But what in the world does this statement mean? Everyone knows what it means to say, “This car isn’t worth $40,000,” or “This shirt isn’t worth $150,” or “The tickets to this concert aren’t worth $80 each.” But what exactly does it mean to say about a certain form of life, a certain lifestyle — what Socrates is calling “the unexamined life” — that it’s “not worth living”?
Essentially, an item is “worth” what it costs if the value or benefits that you derive from it are equal to or greater than the price you pay for it — which is ultimately the same value as the underlying effort or energy that you put into obtaining the resources you need to pay that price. Whenever I think about making a certain purchase, I always ask myself whether the item is truly worth the asking price: Is it worth that amount of money? Is it worth the work it took for me to earn that amount?
A pair of shoes that a wealthy person could see as a “good deal” might be perceived by a poorer individual as far too expensive. The less well-off shopper may need to work far too hard or too long to provide that same amount of money. He may then conclude that the shoes aren’t worth the cost.

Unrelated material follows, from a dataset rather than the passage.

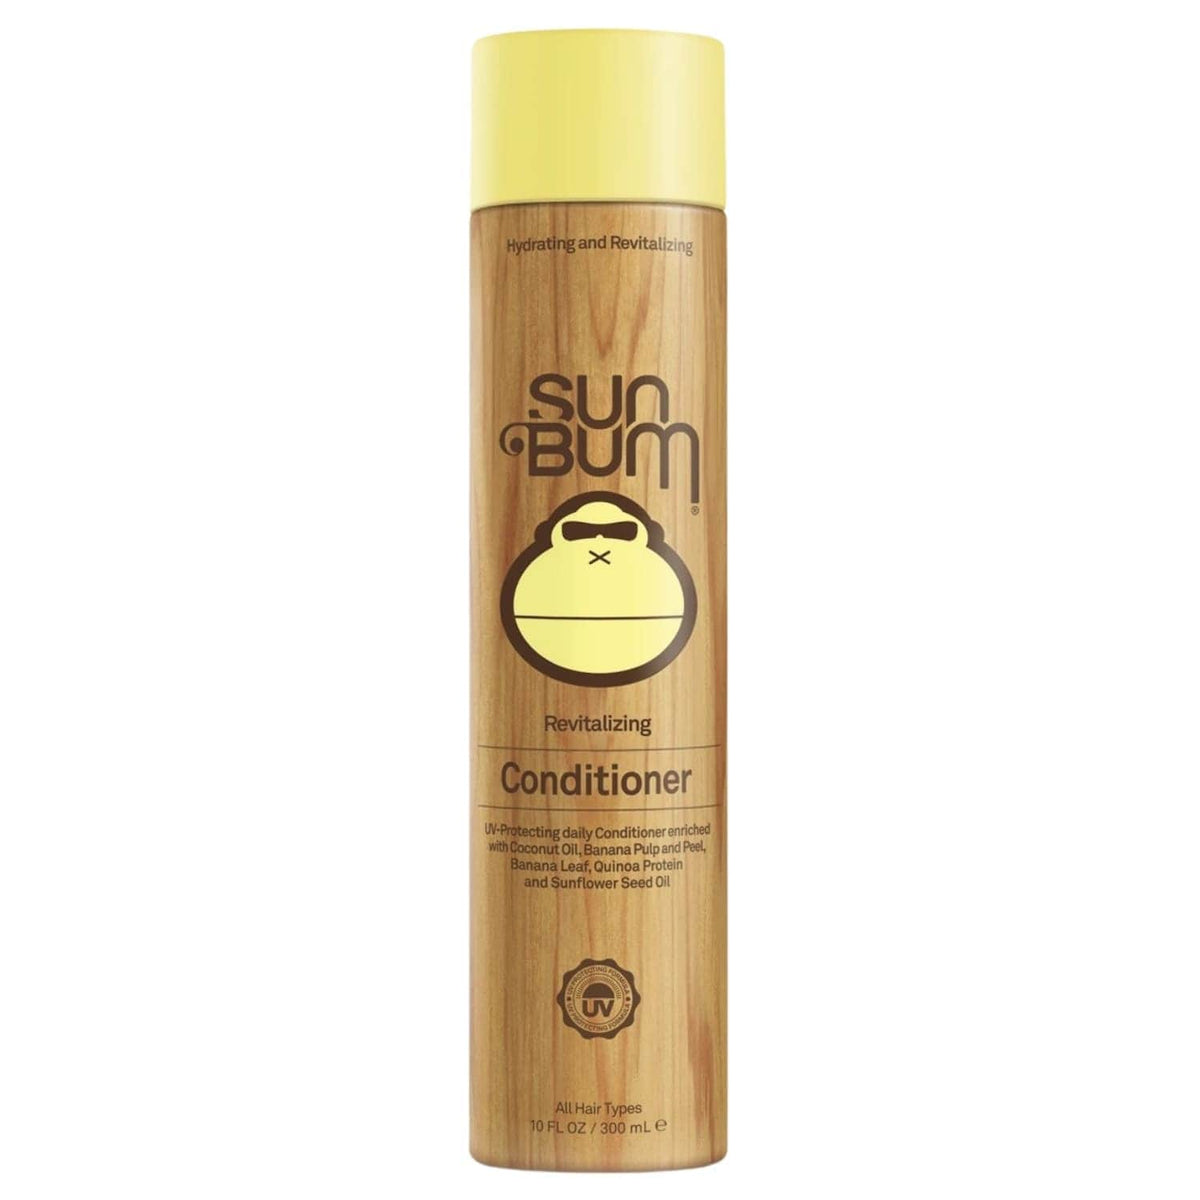 Sun Bum Revitalizing Conditioner 300ml - Hair Shampoo/Conditioner by Sun Bum 300ml

But how exactly does this commonplace sort of judgment relate to Socrates’ famous claim? What is the cost — the worth — of the “unexamined life”? Well, first we need to understand what Socrates means by this phrase.
What is “the unexamined life”? Unfortunately, it’s the form of life that far too many people live: Getting up, dressing, eating, going to work, breaking for lunch, working some more, going home, eating again, watching TV, leafing through magazines, exchanging a few words with fellow family members in the house or with friends on the phone, changing for bed, and falling to sleep — just to repeat the same routine all over, and over, and over, without ever thinking about what it all means or how life should be really lived.

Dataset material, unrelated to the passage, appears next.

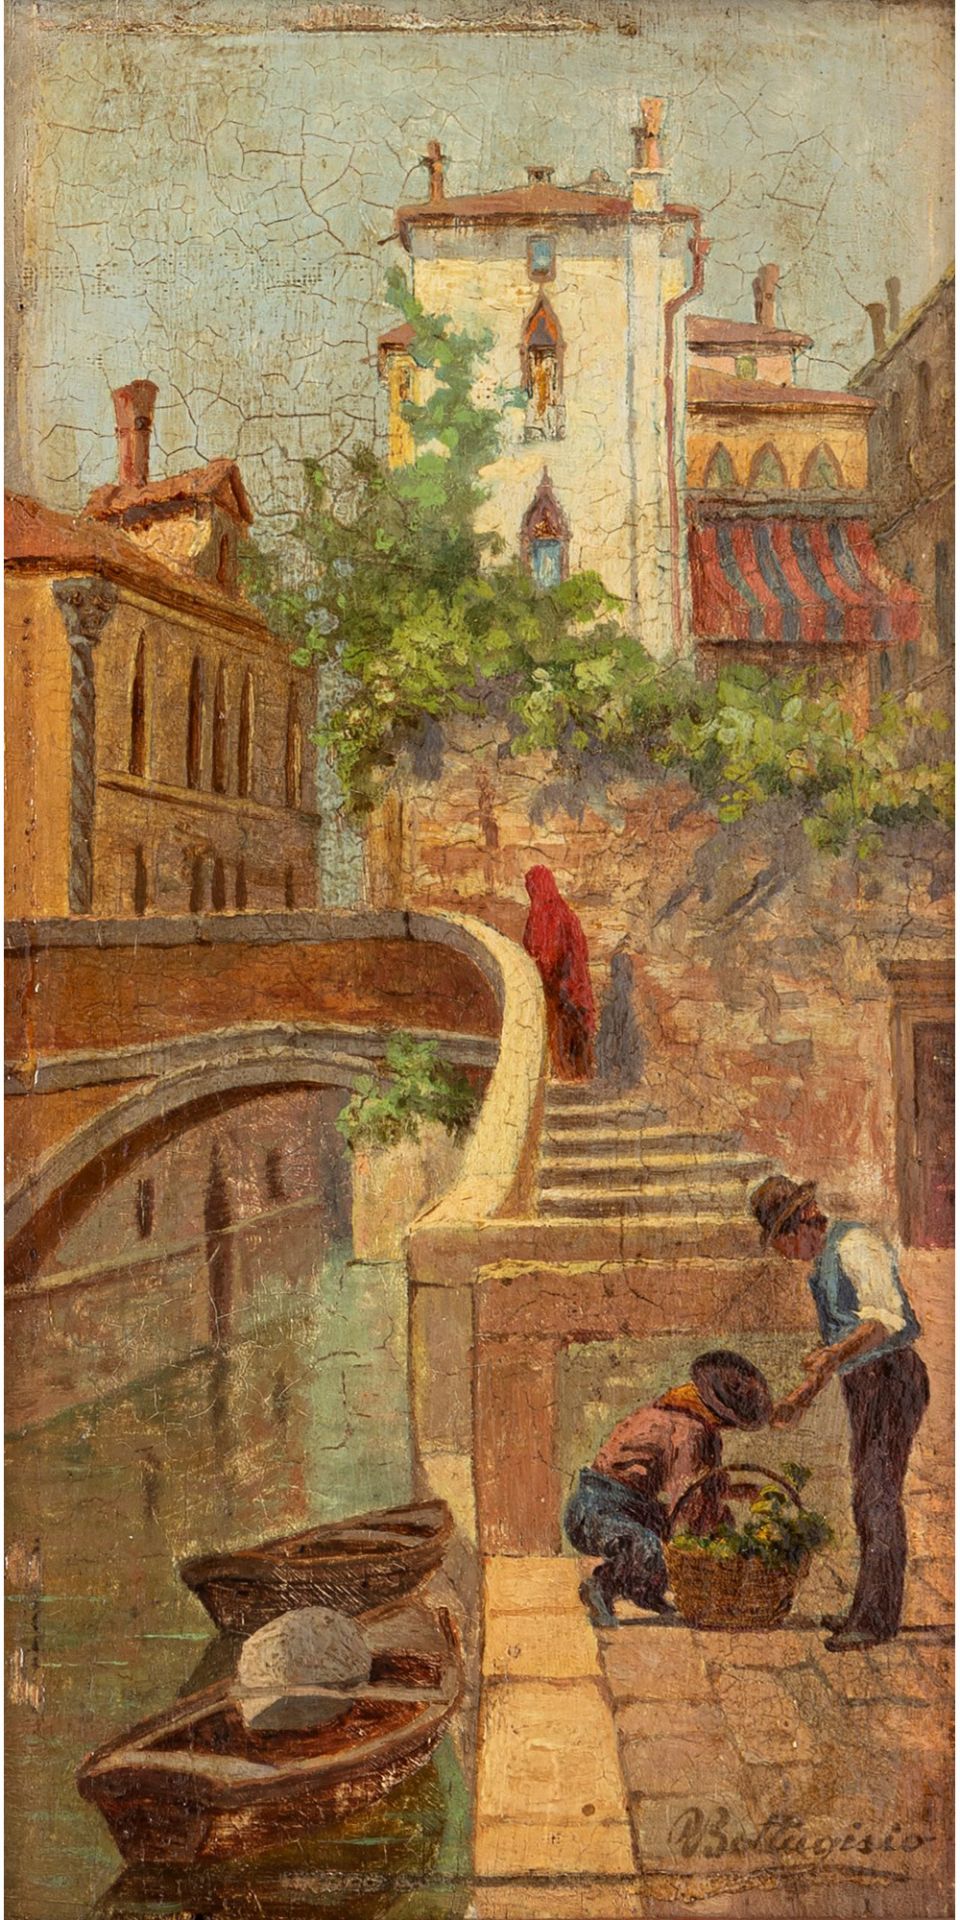 Vittorio Bottagisio (Bardolino 1859-Verona 1905) - Seller in Venice

We wake up already in motion in this life. The raft is already out on the river, and the current simply carries us forward.
When we’re young, other people decide what we wear, what we eat, and when we can play. All too often, even after we’re older, other people still decide what we do during the day. We make choices, lots of them, but often from a limited selection of options that our environment, our friends, families, and employers, and simple habit, present to us. Rarely, if ever, do we stop to reflect on what we truly want in life, on who we are and want to become, on what difference we want to make in the world, and thus on what’s really right for us. And that is the unexamined life — the life that is lived at some level almost as a sleepwalker, somnambulating away the hours, days, and years. It’s a life that is experienced on automatic pilot — a life based on values and beliefs that we’ve never really looked at, never really tested, never examined for ourselves.

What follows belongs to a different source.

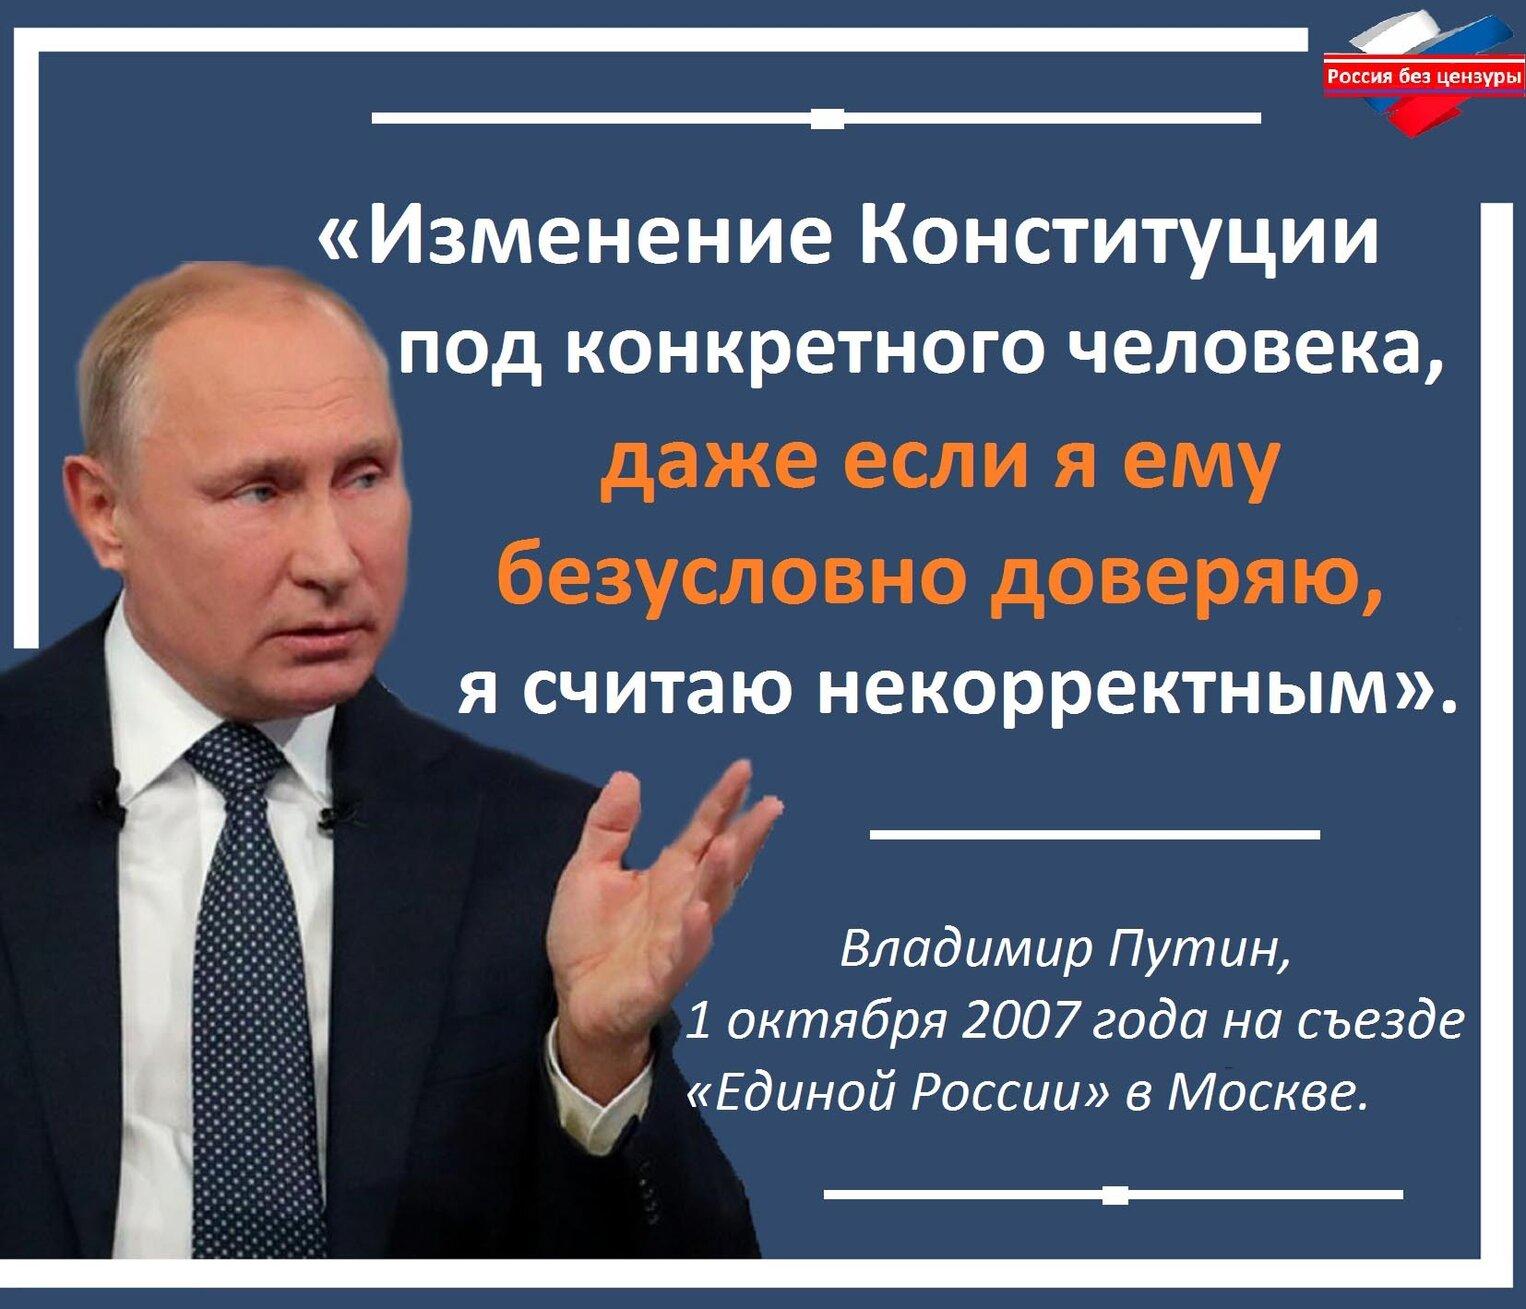 Про изменения конституции. Цитата Путина про Конституцию. Законы против народа.

Many people seem to fear self-examination, as if looking at and evaluating their most basic beliefs and values is somehow a threat. But a philosophically reflective examination of our most basic assumptions and commitments doesn’t necessarily have a corrosive effect. It may, by contrast, have a purifying effect. The fundamental goal of philosophical examination isn’t criticism in a negative sense, or any sort of rejection or abandonment. The true goal is understanding. And yet a greater level of understanding often results in a refocusing, a shedding of unnecessary or unimportant activities and an adopting of others — rebalancing and changing our lives in a positive way.
The unexamined life, on the other hand, isn’t one of deep personal understanding. It’s not a life of self-directed positive change.
And you pay a big price for living such a life. What’s the price you pay? What’s the cost? Socrates identifies it when he states that this form of life, the unexamined life, is not worth what you have to pay for it — when he, in fact, plainly says that this form of life simply is not worth living.
The price that you pay for an unexamined life, therefore, is precisely that — your entire life. And you can pay no greater price for anything. Notice, however, that Socrates didn’t say that the unexamined life is not worth anything. He wisely left open the viewpoint that some positive value exists in any life, however unreflective that life may be. This great philosopher said only that the unexamined life isn’t worth the high price that you must pay for it — the investment of all your energies in a direction that’s not of your own choosing.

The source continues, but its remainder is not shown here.